Take the climate bill just offered by House powers Henry Waxman of California and Ed Markey of Massachusetts. The 648-page "discussion draft" ducks the most important policy questions about what Democrat Ben Cardin calls "the most significant revenue-generating proposal of our time" -- namely, how the tax will be levied and the proceeds spent. But it does find space to impose thousands of new environmental regulations on the entire economy, all separate from cap and trade.
Right off, the bill mandates that 25% of U.S. electricity come from wind, solar, geothermal or biomass by 2025. Sorry, nuclear doesn't count. This kind of renewable portfolio standard directly contradicts the putative flexibility of cap and trade, which is supposed to allow businesses to reduce CO2 how and where it is least expensive. But Democrats aren't about to let the details of their own policies stand in the way of magical thinking.
Despite political favoritism and billions in subsidies, wind still only accounts for about 1% of U.S. net electric generation, and solar all of one-hundredth of 1%. So now the liberal solution is simply to force people to buy them, a la the ethanol mandate. Yet it will be difficult for renewables to ever reach 25%, given their inherent limitations (intermittency) and, ironically, green opposition (no new power lines). That won't stop Congress from punishing utilities that fail to meet an impossible goal. [emphasis added]
But Messrs. Waxman and Markey have more pressing matters. Such as building codes. New homes "with slanted roofs," for instance, will be required to meet a "solar reflectance" standard if they use "fiberglass asphalt-shingle roofing." We're not sure what that means either, but we do know that everything in homes will also face new efficiency regulations -- including furnaces, laundry machines, dishwashers, "showerheads, faucets, water closets, and urinals," even (or especially?) jacuzzis. [emphasis added]
One of the more revealing sections focuses on products "intended for a general service or general illumination application" -- i.e., lights. This isn't surprising coming from the politicians who decided in 2007 that the public must be protected from the incandescent lightbulb, but it is excruciatingly detailed. By 2020, "the manufacture of any general service lamp that does not meet a minimum efficacy standard" will be prohibited. That includes fixtures "designed only to be mounted directly to an art work and for the purpose of illuminating that art work." But not "decorative lighting strings," so Christmas trees will escape the lamp police. For now. [emphasis added]
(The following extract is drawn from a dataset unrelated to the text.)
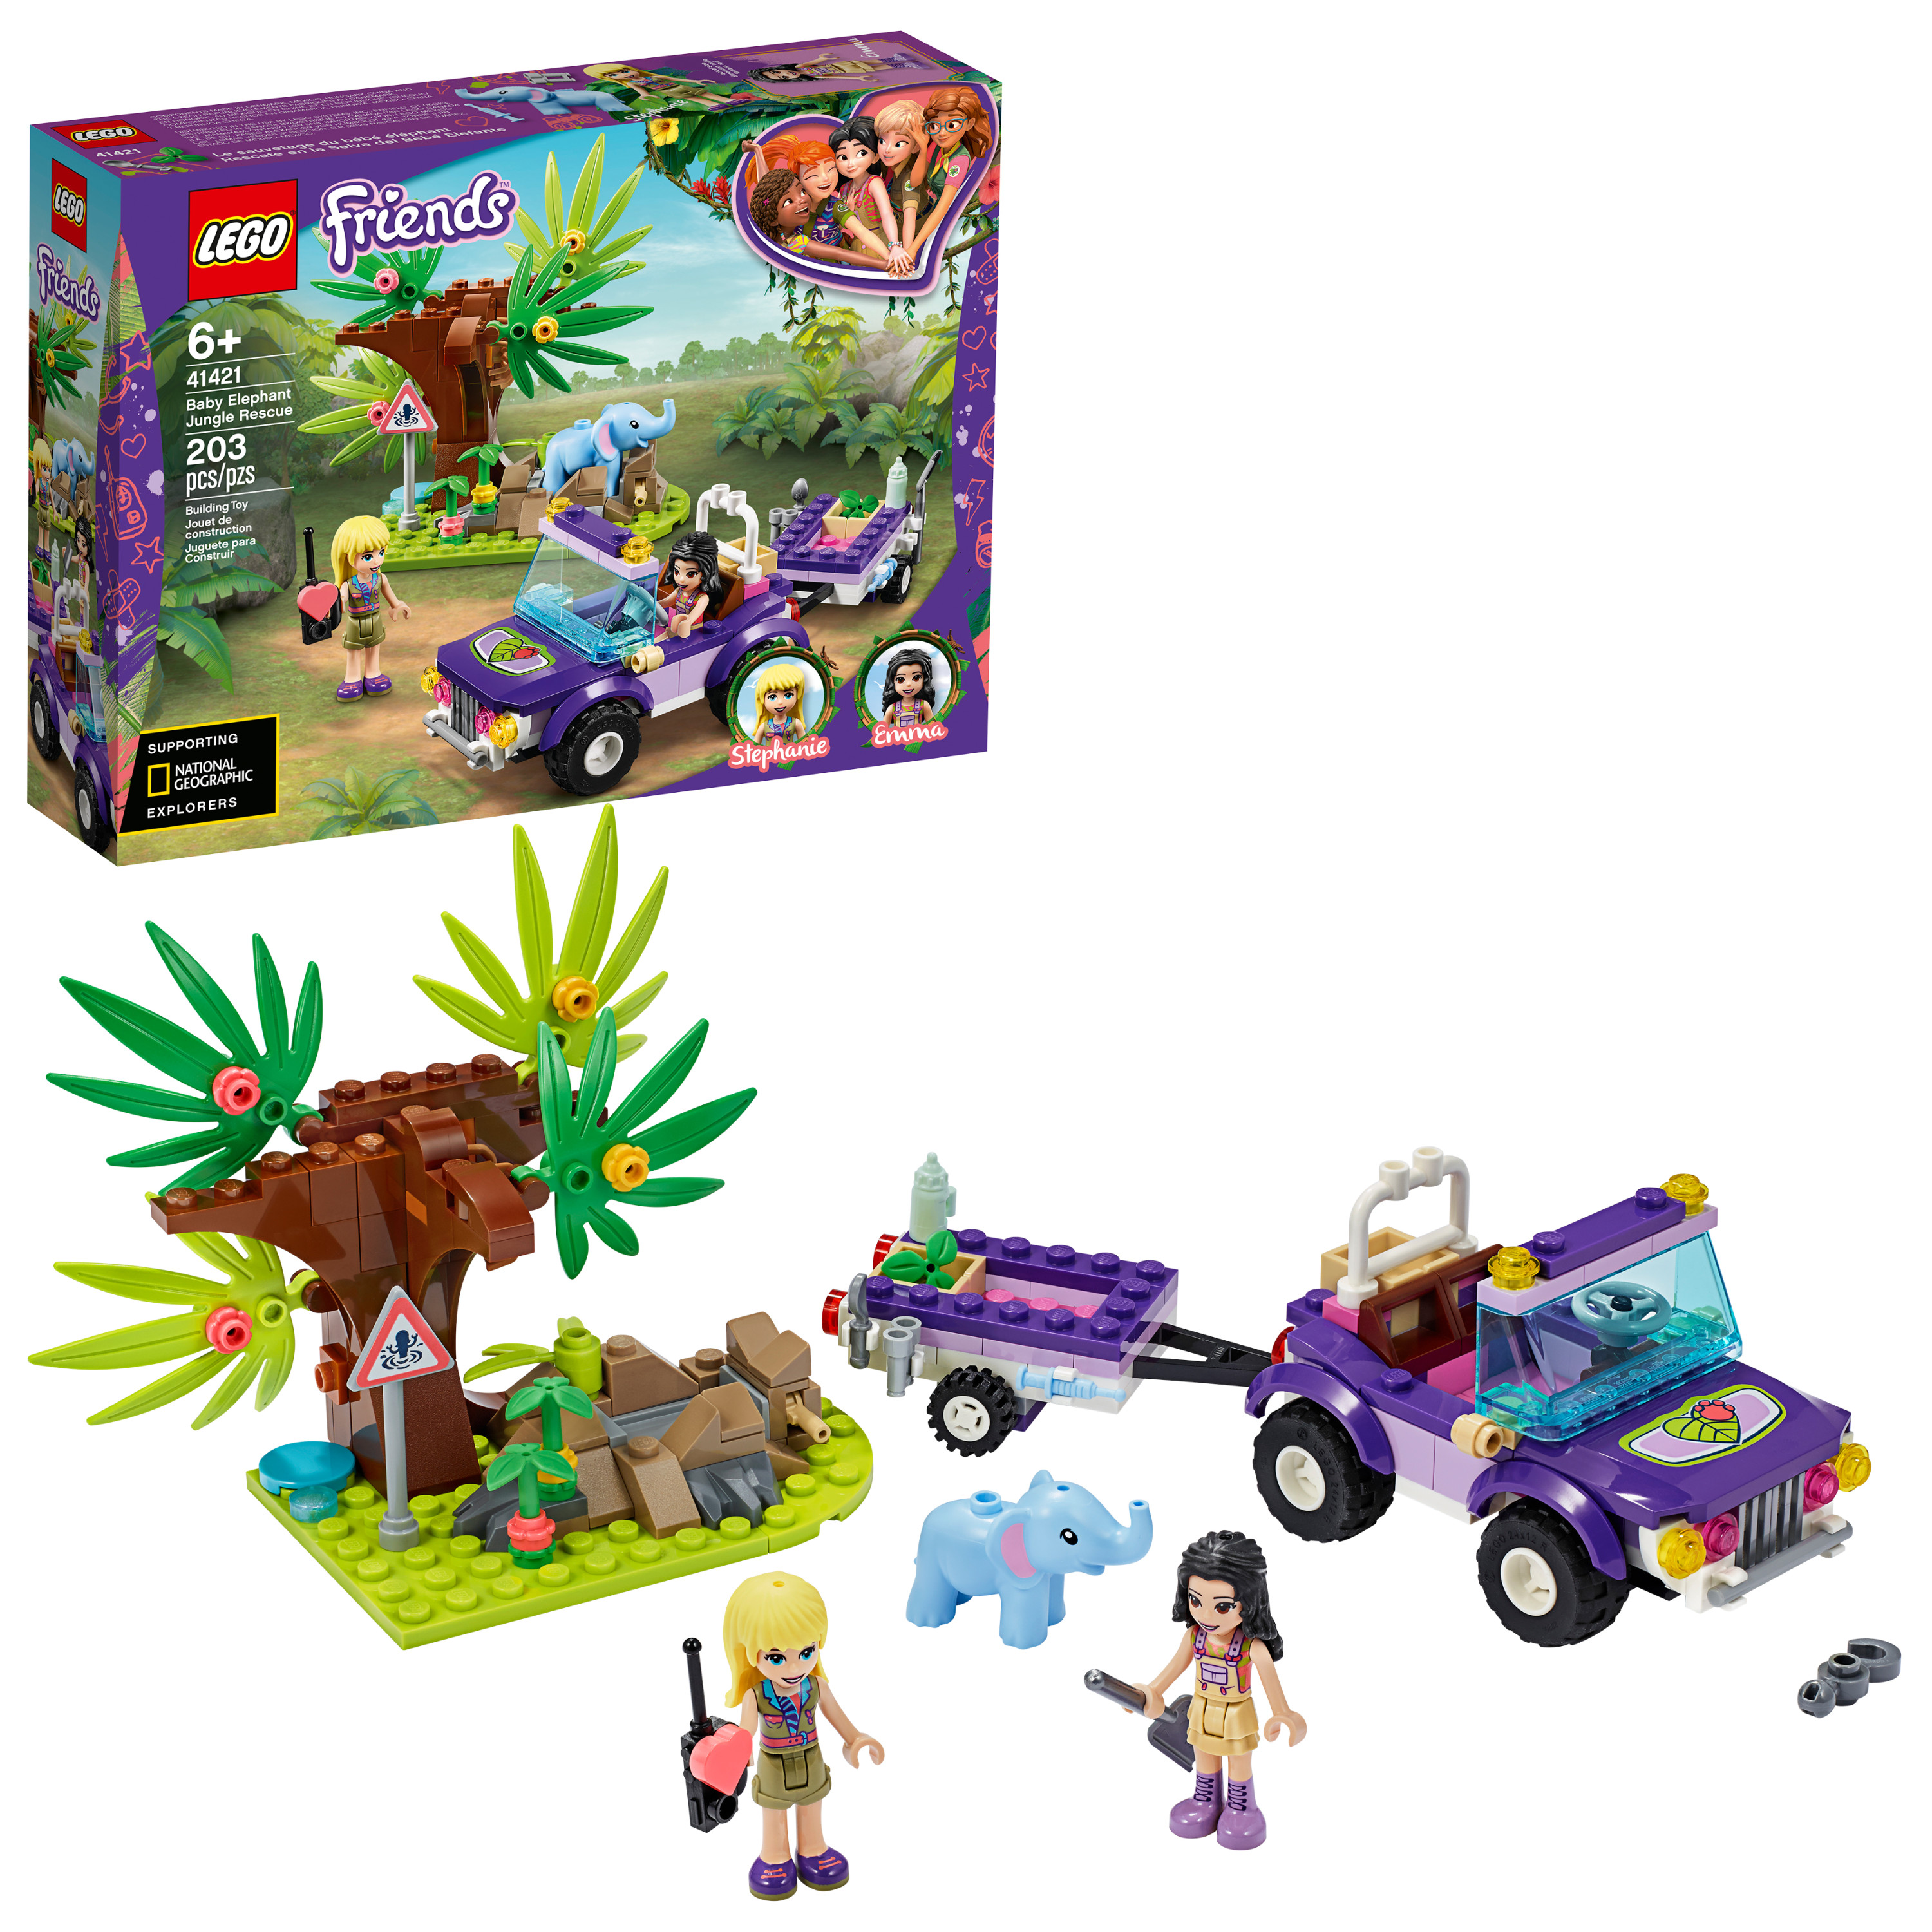 LEGO Friends Baby Elephant Jungle Rescue 41421 Building Toy for Kids; Jungle Rescue Fun Toy Promotes Creative Play (203 Pieces) - image 1 of 8

Hording and black markets in old-fashioned lightbulbs are starting to crop up, and obviously Congress can't risk the same for lamps. So the bill says the feds can bring legal charges in U.S. district courts against "any person . . . distributing in commerce any covered product which does not comply." Environmental Protection Agency chief Lisa Jackson probably won't be conducting the raids personally, though we trust she'll enjoy hearing war stories about busting up the "high-intensity discharge lamp" ring back at HQ. ...
Read the rest here. No doubt the formation of the federal lightbulb police cannot be far behind. I'll bet they'll have a catchy logo. And so the American economy will take on a little more water, although perhaps that's just the rising sea level caused by the melting polar ice caps. Or not.
At any rate, if you thought appliances, furnaces, water heaters, washing machines and dryers, and the like -- you know, stuff that only "the rich" use -- are expensive now, just wait till Congress gets done "saving the planet."